Since we want to work on as much data as possible, we want to combine the data into one csv file. This however requires the csv files to be the same for the most part. The most important part is for each of the csv files to each have similar/same features. Let's check that.

In [2]:
import os
import pandas as pd

columnNamesDict = dict()
for file in os.listdir("./unzippedData"):
    filepath = "./unzippedData/" + file
    if not os.path.isfile(filepath):
        continue
    fileDataframe = pd.read_csv(filepath, low_memory=False)
    columnNames = ""
    for name in fileDataframe.columns:
        columnNames += name + ", "
    columnNames = columnNames[:-2]
    if columnNames not in columnNamesDict:
        print(filepath)
        print(columnNames + "\n")
        columnNamesDict[columnNames] = fileDataframe.columns.values.tolist()


./unzippedData/2010-capitalbikeshare-tripdata.csv
Duration, Start date, End date, Start station number, Start station, End station number, End station, Bike number, Member type

./unzippedData/202004-capitalbikeshare-tripdata.csv
ride_id, rideable_type, started_at, ended_at, start_station_name, start_station_id, end_station_name, end_station_id, start_lat, start_lng, end_lat, end_lng, member_casual



Csv files before April 2020 have columns `Duration`, `Start date`, `End date`, `Start station number`, `Start station`, `End station number`, `End station`, `Bike number`, `Member type`.

Csv files after April 2020 have columns `ride_id`, `rideable_type`, `started_at`, `ended_at`, `start_station_name`, `start_station_id`, `end_station_name`, `end_station_id`, `start_lat`, `start_lng`, `end_lat`, `end_lng`, `member_casual`.

We can see that Capital Bikeshare decided to implement coordinates into their data alongside stations.

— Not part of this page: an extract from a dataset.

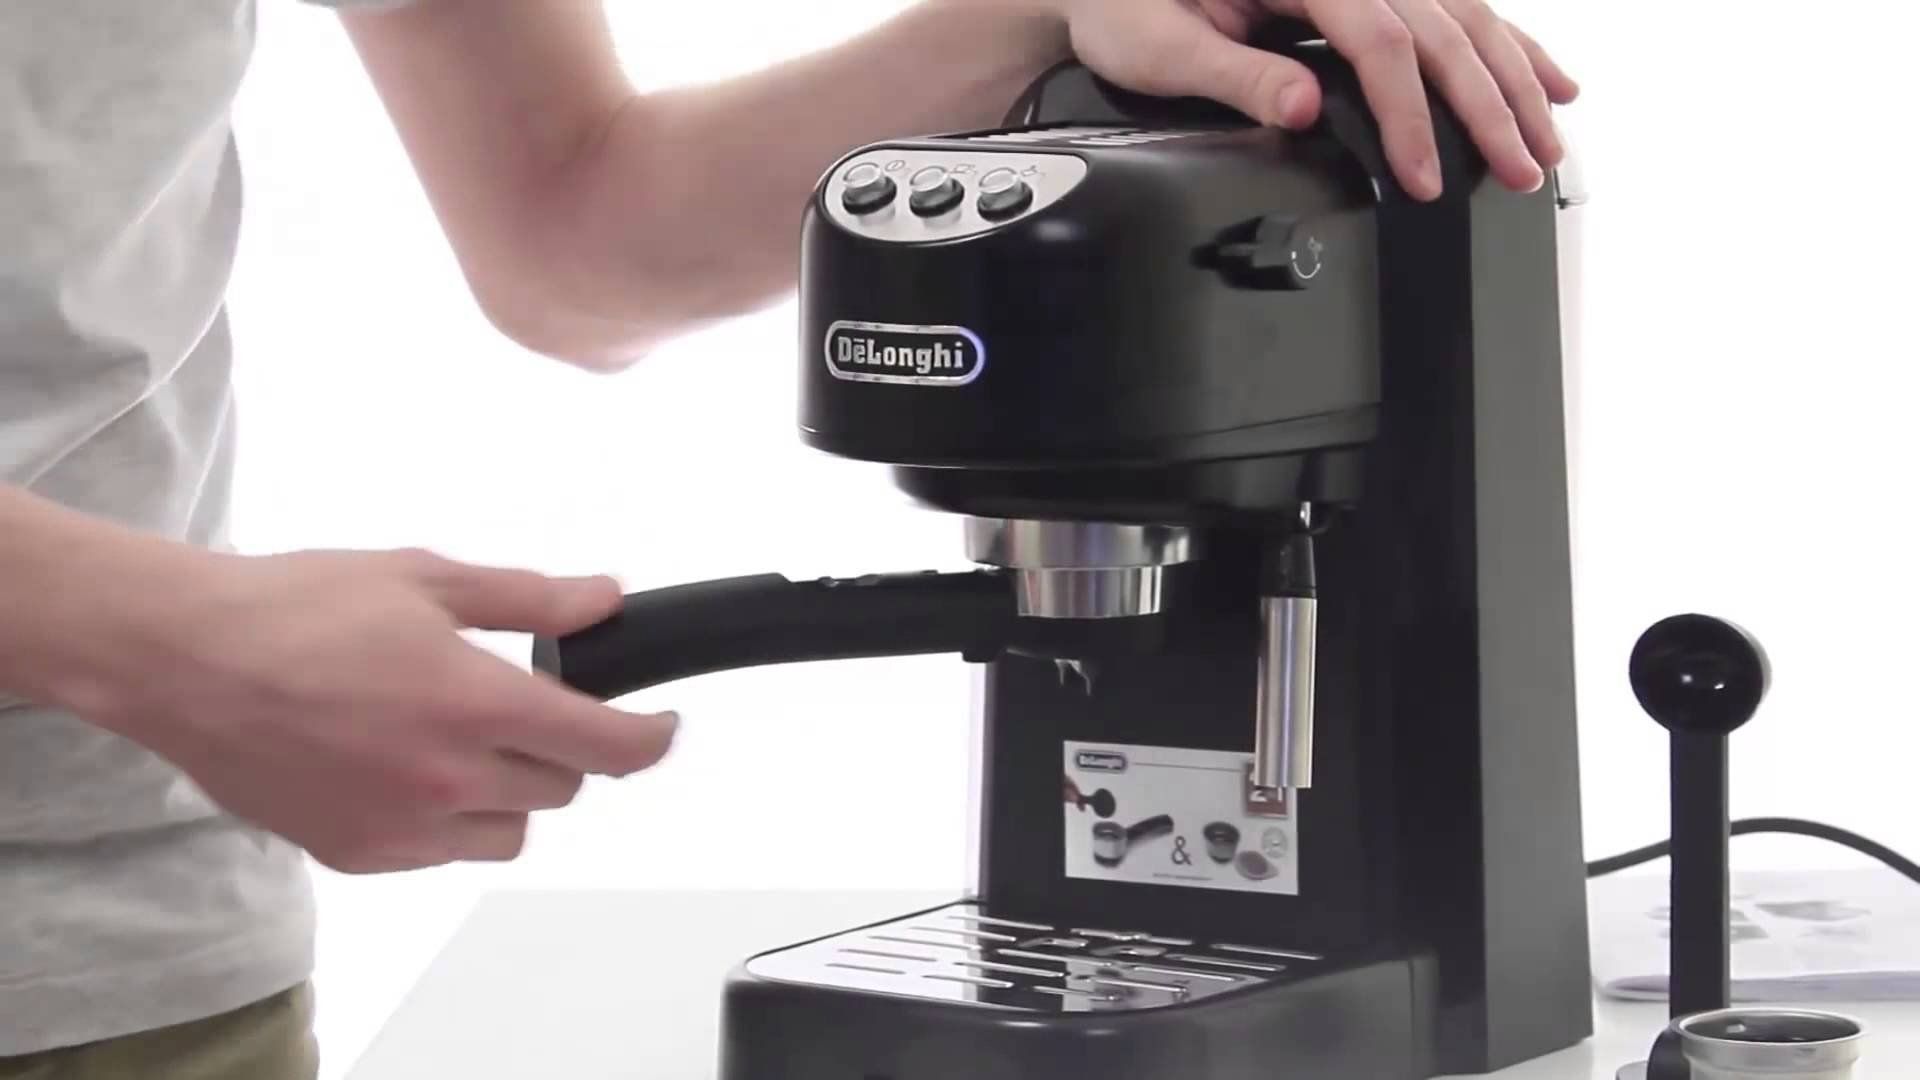 מכונות הקפה הטובות ביותר של De'Longhi לבית ולמשרד בשנת 2020

This likely comes from the fact that you can leave your bike or rent a bike in locations that don't classify under a station, which requires assigning a longitude and latitude value.

These factors make combining datasets difficult.

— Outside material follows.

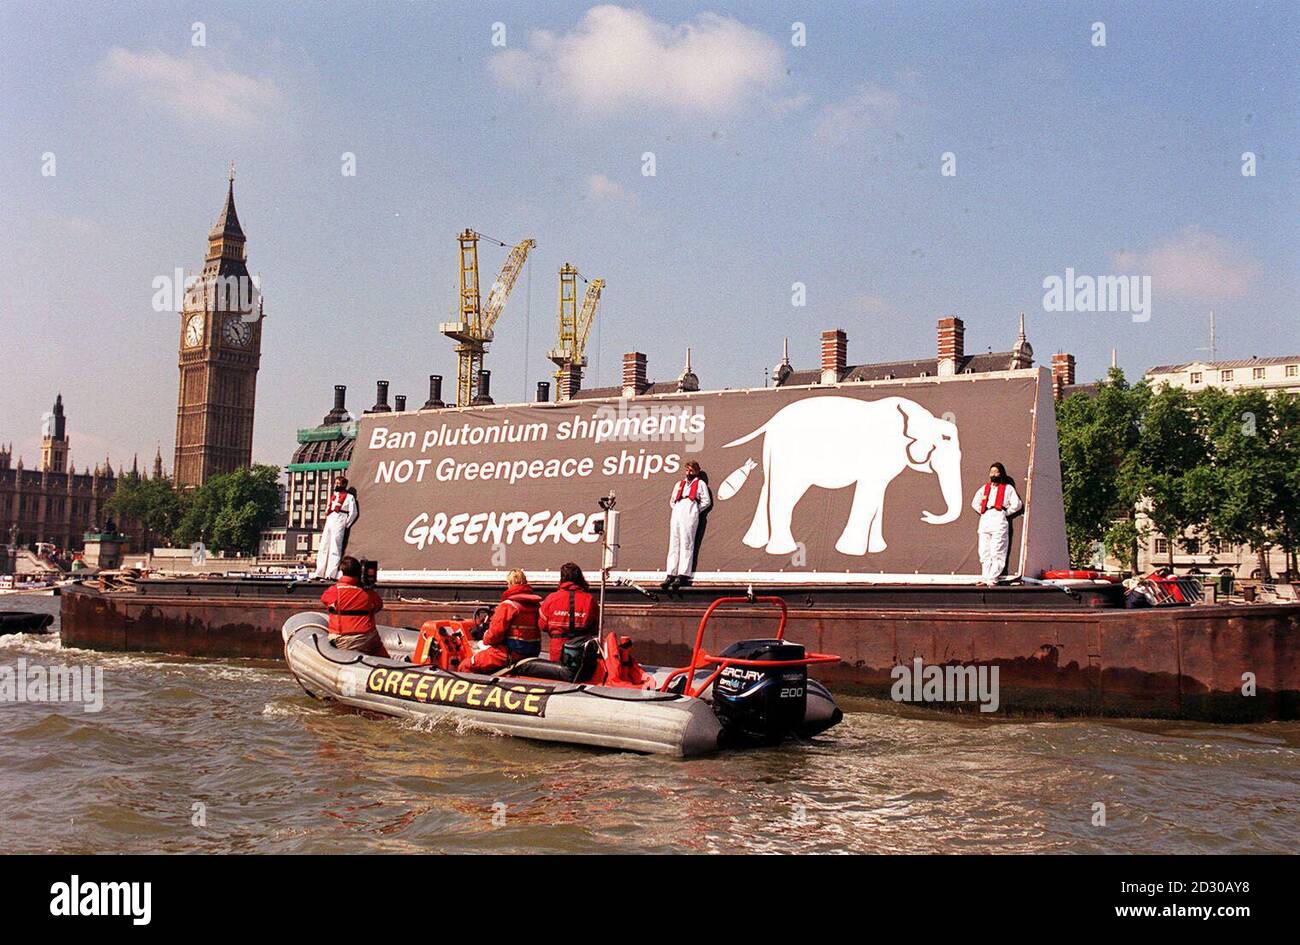 Greenpeace a envoyé un message à Tony Blair d'une barge sur la Tamise, à l'extérieur des chambres du Parlement , condamnant les expéditions récemment repartis de plutonium utilisable d'armes de Grande-Bretagne, la bannière de 40 pieds de long. * la bannière a montré une image d'un éléphant blanc excrétant une bombe nucléaire et avec le mot s 'Tony Blair , les expéditions de plutonium DE Ban PAS les navires de Greenpeace. Banque D'Images

## Combining data into single files based on features

Since we have two different sets of column names / features for two different time ranges, we'll try to make one csv file for both sets.

**Warning**: takes a long time (~8 minutes) and requires at least 5.63 GB of space

In [3]:
import os
import pandas as pd
import warnings

warnings.simplefilter(action='ignore', category=FutureWarning)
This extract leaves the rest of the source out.